SOME RECENT OIL SERVICE BREAKOUTS INCLUDE BAKER HUGHES, SCHLUMBERGER, AND RIG

OIL SERVICE INDEX HITS THREE-YEAR HIGH ... I recently suggested that although I thought the energy sector was over-extended on a short to intermediate term basis (and I still do), oil service stocks appear to offer the best value in the group. Chart 1 shows why. The last monthly bar in Chart 1 shows that the Oil Service Index (OSX) has just broken above its 2002 peak, which puts it at a new three-year high. In addition, its monthly RSI line hasn't reached overbought territory over 70. By contrast, the AMEX Oil Index (XOI) and the Natural Gas Index are already in overbought territory. There are several large stocks in the group that also still look relatively cheap on a long-term basis.

Chart 1


BAKER HUGHES BREAKS RESISTANCE LINE... This is the reason I like to look at long-term monthly charts.
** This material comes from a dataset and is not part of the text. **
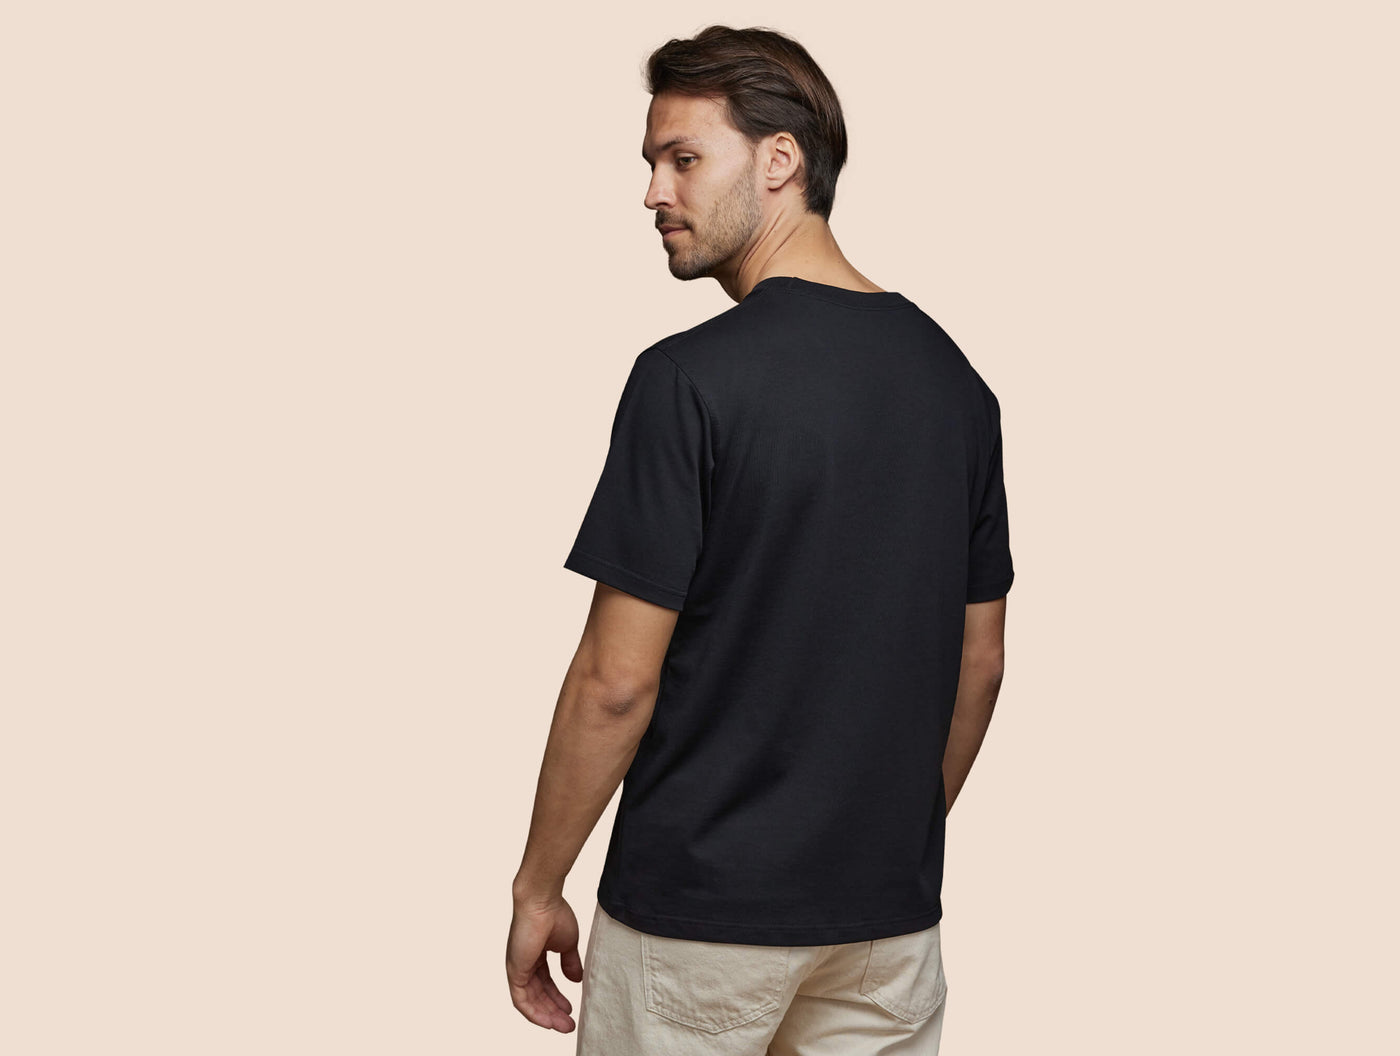 Pétrone T-shirt manches courtes coton pima micromodal noir homme#couleur_noir
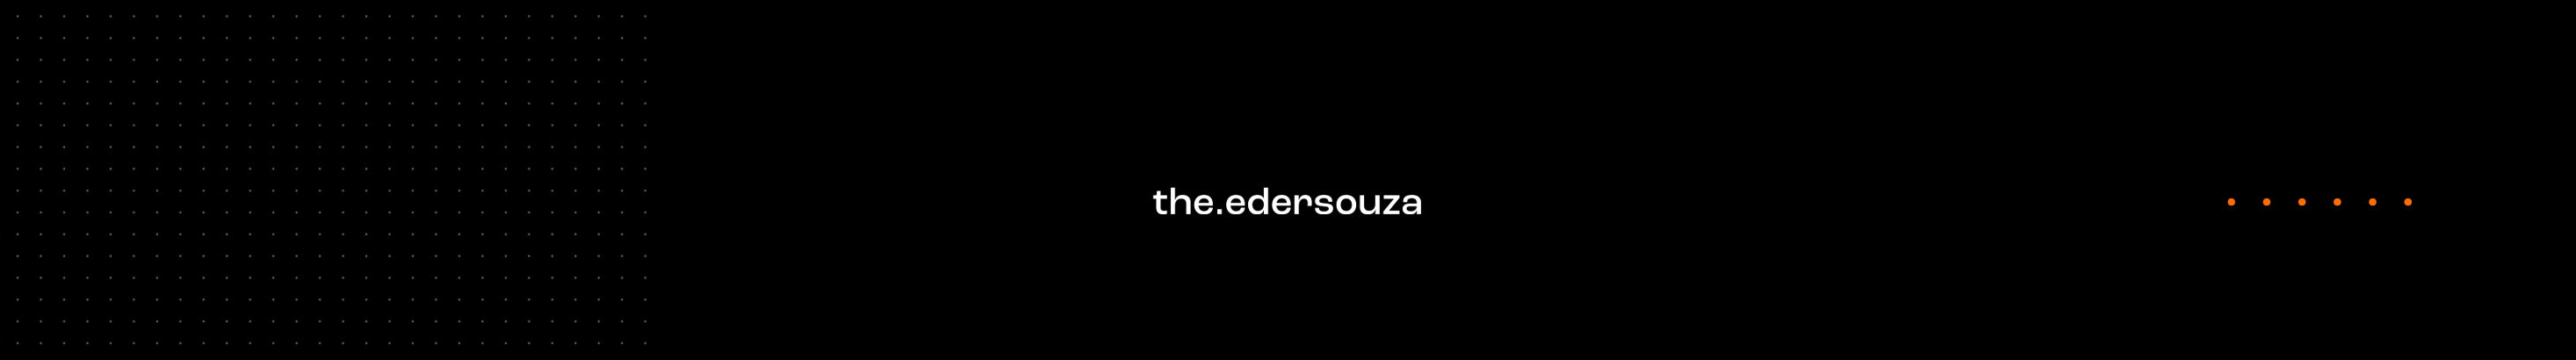 Eder Souza's profile banner

They put things in much better perspective. The monthly chart of BHI shows it trading in a huge "symmetrical triangle" since late 1997. More importantly, it's just broken through the upper resistance line. That bullish pattern suggests an eventual test of its 1997 at the very least and, more likely, an eventual new high.

Chart 2


SCHLUMBERGER HITS THREE-YEAR HIGH ... On its daily chart, Schlumberger has just hit a new 52-week high and may look a little over-extended. On its monthly chart, however, the oil service stock still looks relatively cheap. It's barely regained half of its 1997-2002 losses. And its monthly RSI line hasn't reached overbought territory.

Chart 3

Chart 4


TRANSOCEAN (RIG) OVERBOUGHT, BUT STILL CHEAP ... Here's another example of why it's important to keep short-term trends in a long-term perspective. Transocean is hitting a new 52-week high after recently breaking through its spring high at 32. Its daily RSI line shows it to be in overbought territory over 70. That may be a good reason not to buy the stock at today's levels. But it's not a good reason to ignore the stock because it looks "high" on its daily chart. The monthly bars in Chart 6 show why. RIG has retraced just a third of its major downtrend that started in 2000. It's also been a relative laggard in the oil service group. That means it may have some catching up to do. If the stock does undergo a short-term correction, a better buying opportunity may present itself near its March peak around 32. I'm not suggesting that oil service stocks should be bought at today's overbought levels. I am suggesting, however, that any short-term setbacks -- or consolidations -- should be used to do some accumulating. As I said before, I believe this group offers the best value in the oil patch. And I believe energy should be part of everyone's portfolio. That can be done via energy mutual funds, energy ETFs, or energy stocks.